To overcome these issues, developments in a novel cathode that can accommodate a substantial amount of Li2O2 were designed [14,15,16,17,18,19]. Along this line, carbon nanotubes (CNTs) were extensively investigated as a replacement for the typical electrode based on carbon black (CB) since CNTs can form a continuous porous network with a stiff structure in the absence of binder materials [20,21,22,23]. However, an investigation into the control of the discharge product using a CNT cathode has not been carried out.
In this study, we propose a polymer coating for CNTs as a novel electrode in which a homogenous and ultrathin polymer layer is wrapped around the CNT surface to facilitate a favorable deposition of the discharge products by the affinity of Li+ toward the wrapped polymer.
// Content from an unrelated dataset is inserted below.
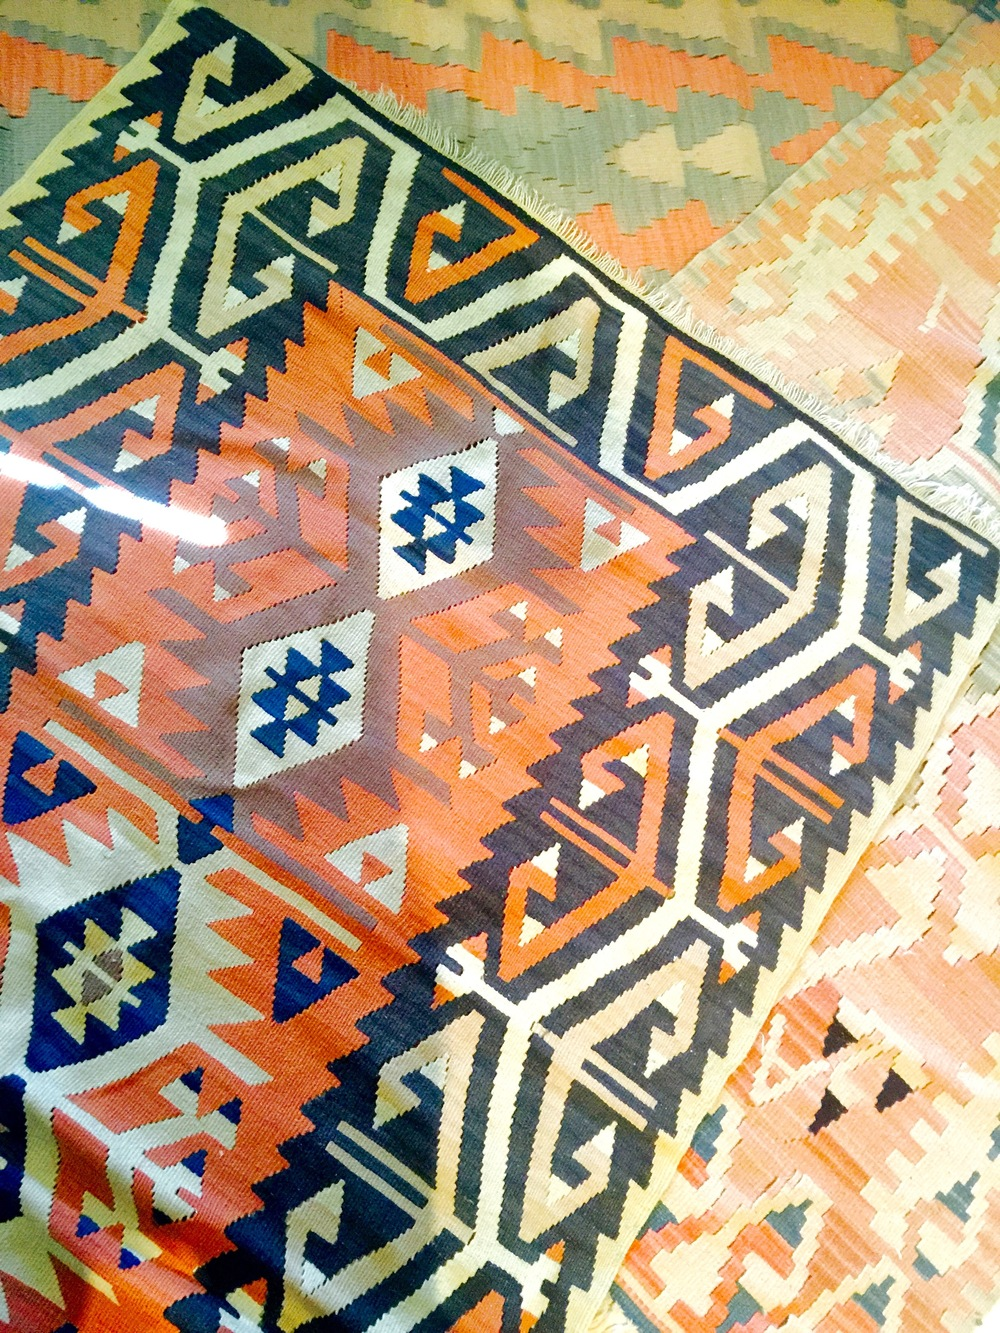 Turkish Kilim rug, Turkey - 3 Days*

As the coating polymer, we chose poly[2,2’-(2,6-pyridine)-5,5’-bibenzimidazole] (PyPBI; Fig. 1a) since (1) we found that PyPBI can coat CNT surfaces homogeneously with a thickness of ~ 1 nm [24,25,26,27], and (2) it is expected to promote the formation of the discharge products through the coordination of Li+ to the PyPBI ligand, which leads to a favorable deposition of the discharge products.
Experimental procedure
Materials
N,N-dimethylacetamide (DMAc); ethylene carbonate (EC), lithium battery grade; diethyl carbonate (DEC), lithium battery grade; lithium bis(trifluoromethanesulfonyl)imide (LiTFSI), lithium battery grade; and tetraethylene glycol dimethyl ether (TEGDME), lithium battery grade were purchased from Kishida Chemical Co., Ltd. Concentrated hydrochloric acid (HCl), methanol, and 2-propanol were purchased from FUJIFILM Wako Pure Chemical Industries, Ltd. The single-walled carbon nanotubes (SWCNTs, ~2 nm in diameter) were purchased from Meijo Nanocarbon, Ltd. Poly[2,2’-(2,6-pyridine)-5,5’-bibenzimidazole] (PyPBI) was synthesized according to a previously reported method [28].
Material characterization
X-ray photoelectron spectroscopy (XPS) and SEM images were measured using an AXIS-ULTRADLD (Shimadzu Corporation) and SU9000 (Hitachi High-tech), respectively. The specific surface area and micropore distribution were determined by the Brunauer–Emmett–Teller (BET) method and Horvath–Kawazoe (HK) method (applying the carbon-N2 interaction parameter at 77 K), respectively, as based on the N2 adsorption isotherm measurements (77 K, 10−8 < P/Po < 1) using a BELSORP-max (BEL Japan, Inc.) instrument that was upgraded by changing the connection of the sample tube to a VCR® metal gasket to avoid gas leakage and to measure pressures as low as P/Po = 10−8 to 10−6, which correspond to the micropore region. The gas adsorption measurements were conducted under high vacuum after a pretreatment at 150 °C for over 12 h. X-ray diffraction (XRD) was performed by a SmartLab (Rigaku) with a plastic bag to protect the cathodes from moisture.
Purification of SWCNT
A 50-mg portion of the as-produced SWCNTs was heated at 450 °C in air for 15 min in order to remove any amorphous carbon. The obtained powder was then shaken in aq. HCl (2.0 M) at room temperature for 2 h to remove any metal impurities. These procedures were repeated one more time.
Synthesis of SWCNT/PyPBI
The SWCNTs wrapped by the PyPBI (denoted SWCNT/PyPBI) were prepared according to our previous method [29]. Briefly, the purified SWCNTs (7.0 mg) were added to a DMAc solution (25.0 mL) of PyPBI (15.0 mg) and then sonicated for 20 min using a probe-type sonicator (UD-200, TOMY SEIKO Co., Ltd.). The dispersion was then centrifuged at 5000 × g for 1 h (Himac CS100 GXL, HITACHI Koki Co., Ltd.), and the supernatant was filtered using a PTFE filter (100-nm pore size, ADVANTEC), followed by vigorous washing with DMAc to remove any unbound PyPBI. After washing with methanol and drying under vacuum, the SWCNT/PyPBI was obtained as a black powder (3.5 mg).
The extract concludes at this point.